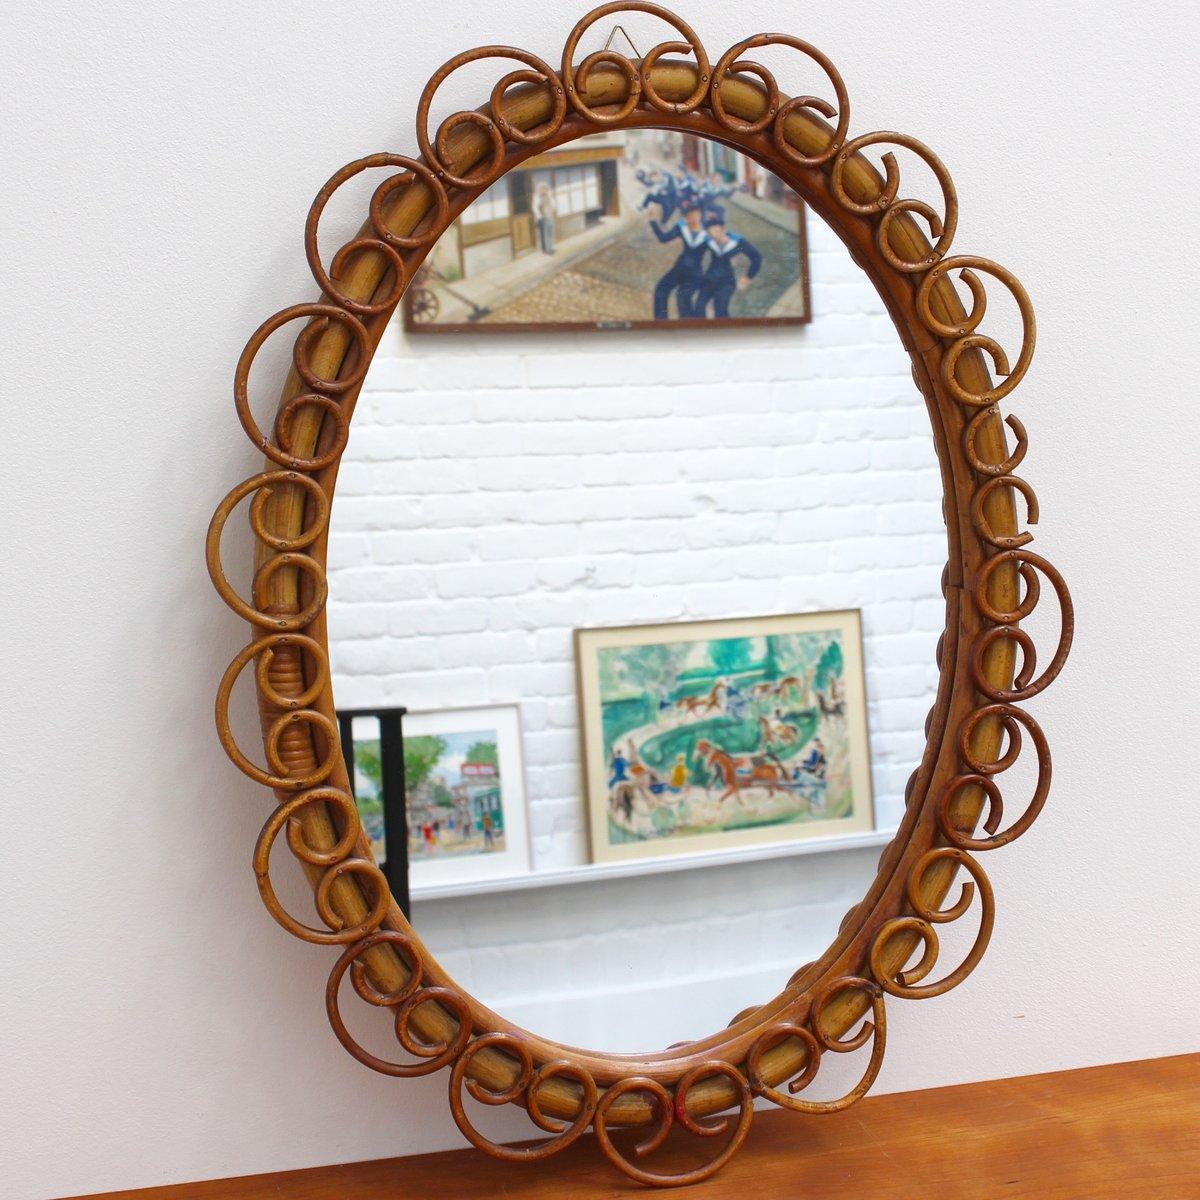 ovaler italienischer wandspiegel mit rahmen aus rattan. Black Bedroom Furniture Sets. Home Design Ideas
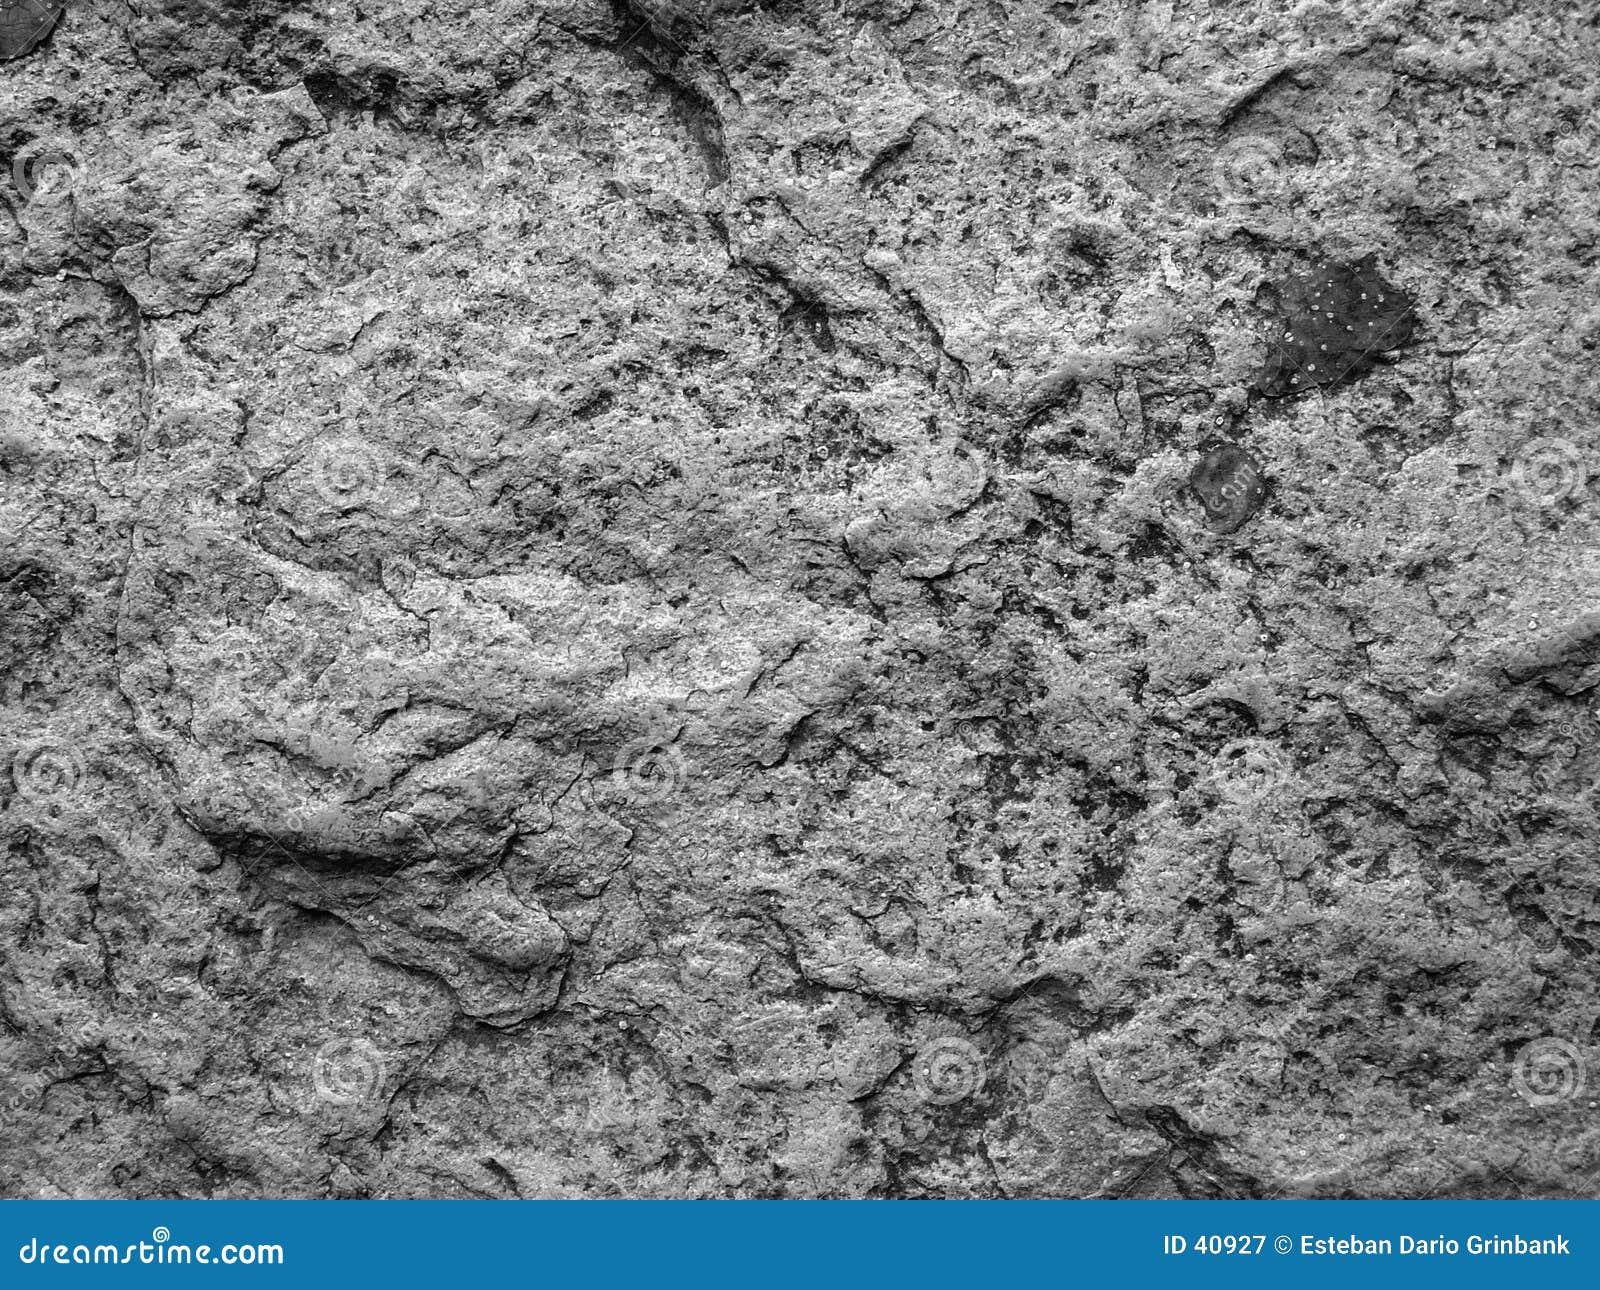 Download Piedra imagen de archivo. Imagen de geología, caliente, duro - 40927
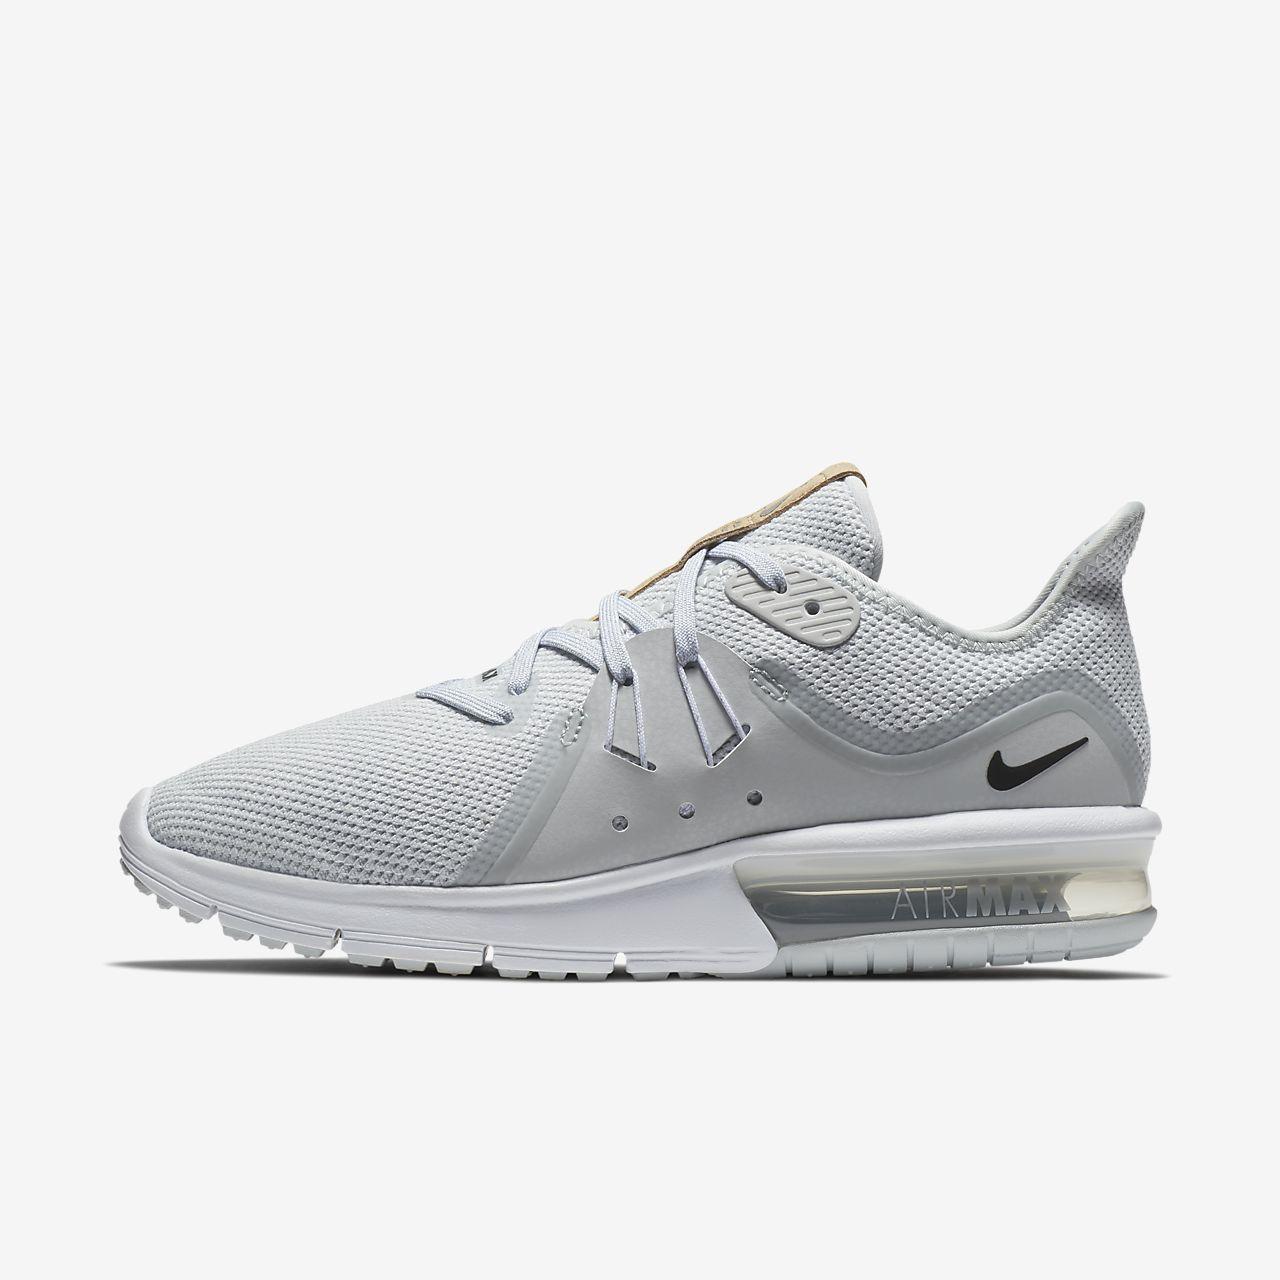 4d586390f213 Dámská bota Nike Air Max Sequent 3. Nike.com CZ

### Task directions
With images omitted, output the data exactly as given.

### Result of the exercise
 ovaler italienischer wandspiegel mit rahmen aus rattan. Black Bedroom Furniture Sets. Home Design Ideas
 Download Piedra imagen de archivo. Imagen de geología, caliente, duro - 40927
 4d586390f213 Dámská bota Nike Air Max Sequent 3. Nike.com CZ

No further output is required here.